Lebanese welcome new year with uncertainty, hope
Beirut
On its end-of-year cover the Beirut weekly Monday Morning features nine red candles against a black background. They could be holiday lights but they aren't. Over them is the stark legend - The Ninth Year.
The reference is to the nine years of crisis since Lebanon's civil war started in 1975. It is testimony to the uncertainty most Lebanese feel about their future - despite the start of Israeli-Lebanese-American talks over Israeli troop withdrawals and future relations with Israel.
Despite this uncertainty, individuals are rushing to repair their damaged homes and businesses. There is a shortage of skilled building workers. Throughout the city, apartment buildings have sprouted gray spots as shell and bomb holes are filled in with cement. This is all the more impressive since no such thing as catastrophe insurance exists here.
The Murr Tower, an incomplete highrise from which snipers picked off motorists on the city's main overpass, is now under construction. The popular seaside Summerland resort which was smashed during the Israeli invasion is almost back to new. And renovations are due to start on several long-destroyed hotels.
But beneath the surface, doubts remain. ''No major reconstruction of Beirut will begin until the political situation is clear,'' says a Lebanese economist.
Among Maronite Christians, the sect of the Lebanese president, there is a joke going the rounds that his real name is Muhammad Amin Gemayel. The Muslim first name has been added to indicate displeasure at the consideration he is giving to the views of the Arab world and of leaders of Lebanon's Muslim majority.
Recently some Muslim pundits have added another name which underlines the squeeze on the president. They call him Muhammad Cohen Amin Gemayel, reflecting their worries that he may give in to Israeli and rightist Christian pressures over future relations with the Jewish state.
A social sciences professor at American University of Beirut had just returned from a condolence call on Maronite Christian friends in the mountain town of Aley. Their son had been shot point-blank in their living room by neighboring Druze sect members seeking revenge for an unrelated killing by Christians of a Druze man. The professor, like most thoughtful Lebanese, was despairing over the ongoing wave of sectarian violence, especially between Druze and Maronites in the Shouf mountains. ''The real issues generated by our civil war still haven't been addressed,'' he complained, ''the issues of Christian-Muslim detente, of how a pluralistic society should function.''
But he, like a wide cross section of Lebanese interviewed, was convinced that Israel was stirring up sectarian troubles in Lebanon, and offering rival factions weapons. A Shiite Muslim complained that two clans in his village had been warned to accept Israeli guns as protection for each against the other.
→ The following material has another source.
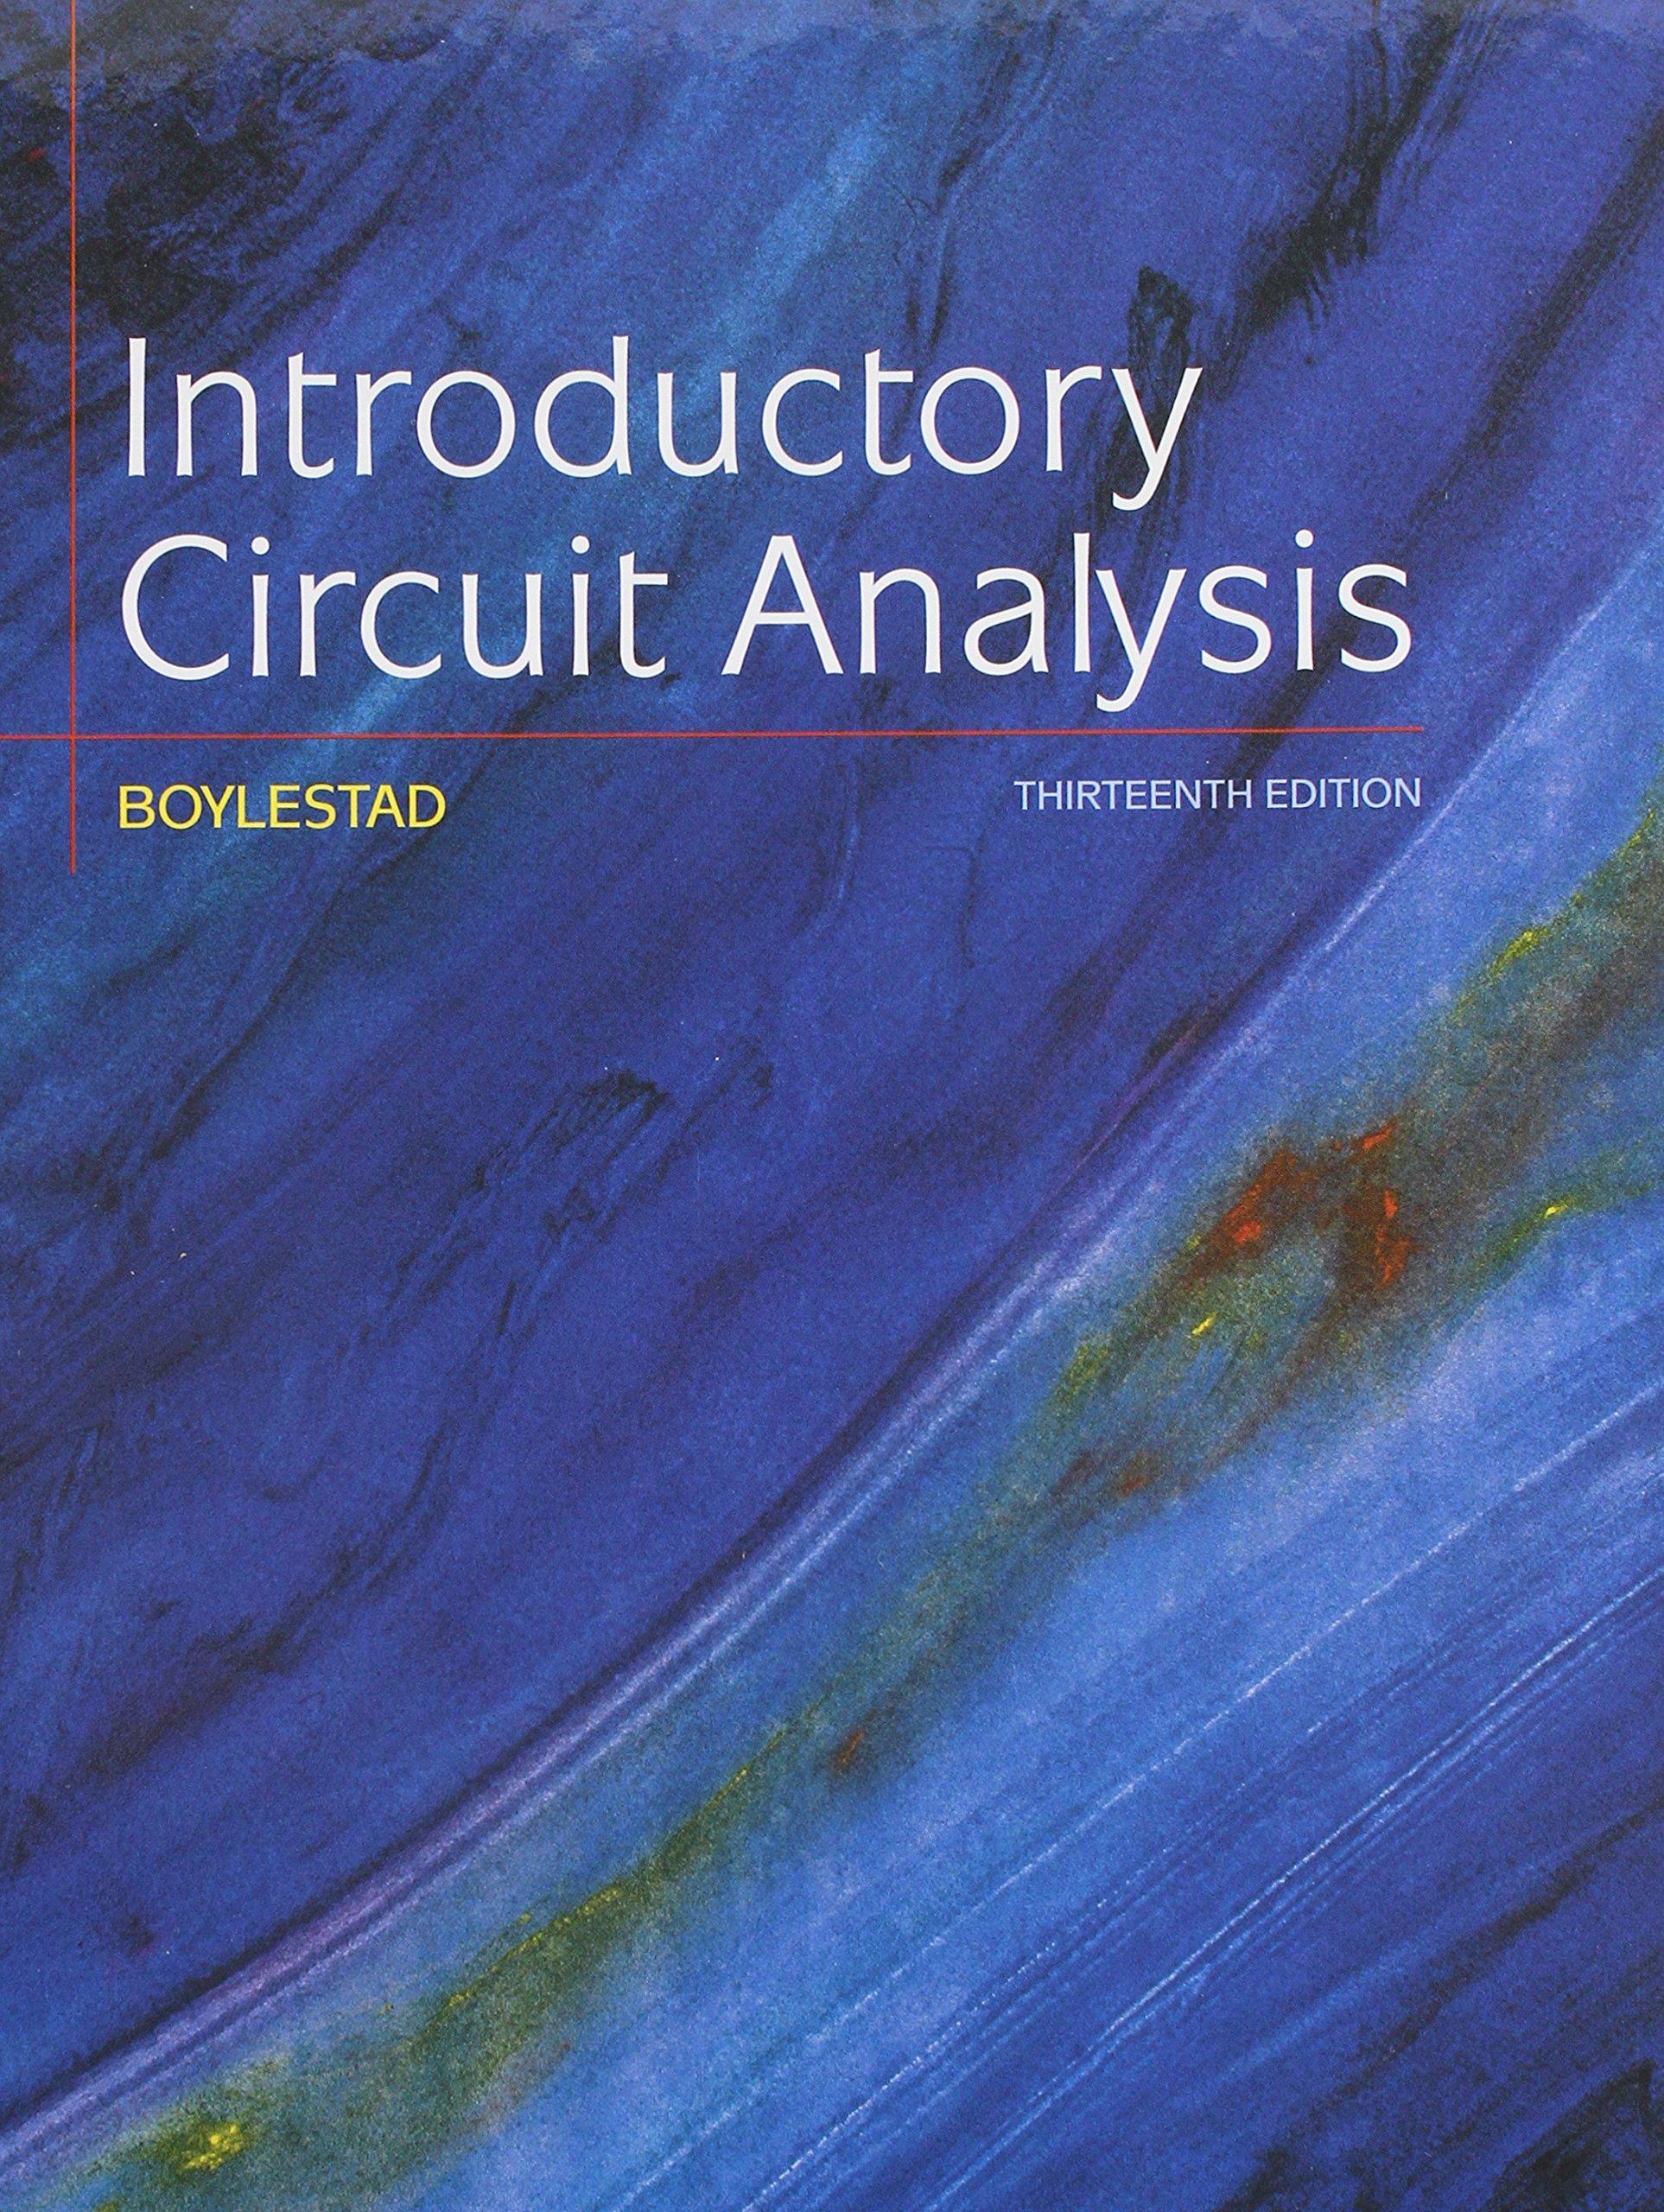 Introductory Circuit Analysis; Laboratory Manual for Introductory Circuit  Analysis: Robert L Boylestad: 9780134297446: Books - Amazon.ca

Leaders from a Sunni village in the Shouf traveled to Muslim leader Saeb Salam to ask whether to accept a reported Israeli offer of guns to protect them against the Israelis' erstwhile Christian Maronite allies. Regardless of how true or how widespread such offers are, belief in them - as an Israeli instrument of divide and rule - is coloring ordinary Lebanese attitudes toward Israel.
De factom normalization of the Israeli-Lebanese border is proceeding rapidly with a strong boost from Israel. Tomatoes, cucumbers, lettuce, eggplants, potatoes, oranges, lemons, melons, chickens, jewelry, washing machines, electronic goods, clothes, and other products cross the border duty free. Only Israel officially considers the border open, and thus no customs posts have been set up on the Lebanese side.
In Beirut, the Jerusalem Post appears in at least two bookstalls in Muslim west Beirut, and a Christian Lebanese travel agent - one among many - boasts he has already driven 20 times to Tel Aviv.
But one-sided governmental normalization makes Lebanese officials increasingly nervous. ''I have no control over who enters my country from Israel. We are occupied,'' says a senior official not hostile to Israel. The government worries about unrest among southern Lebanese farmers whose produce is undercut; about a Saudi Arabian restriction on Lebanese imports because they might come from Israel.
''I was going to Jerusalem for New Year's,'' says one Lebanese matron, ''but I thought it isn't right until relations are really normalized.''
''Everyone else in the world deals with Israel, why not us?'' says a Maronite taxi driver. ''If Israel stays, they will make trouble between the Christians and the Druze and all over Lebanon.''
There are dizzying contrasts in stark Beirut between ravages and riches, between memories of war and celebrations of pseudo-peace. Beirut restaurants are jammed. Holidaymakers in decolletage and jewels alight from new Mercedes to mirror-lined nightclubs serving lobster, foie grasm , and tournedos within sight of bombed-out buildings and within walking distance of ruined Palestinian refugees camps.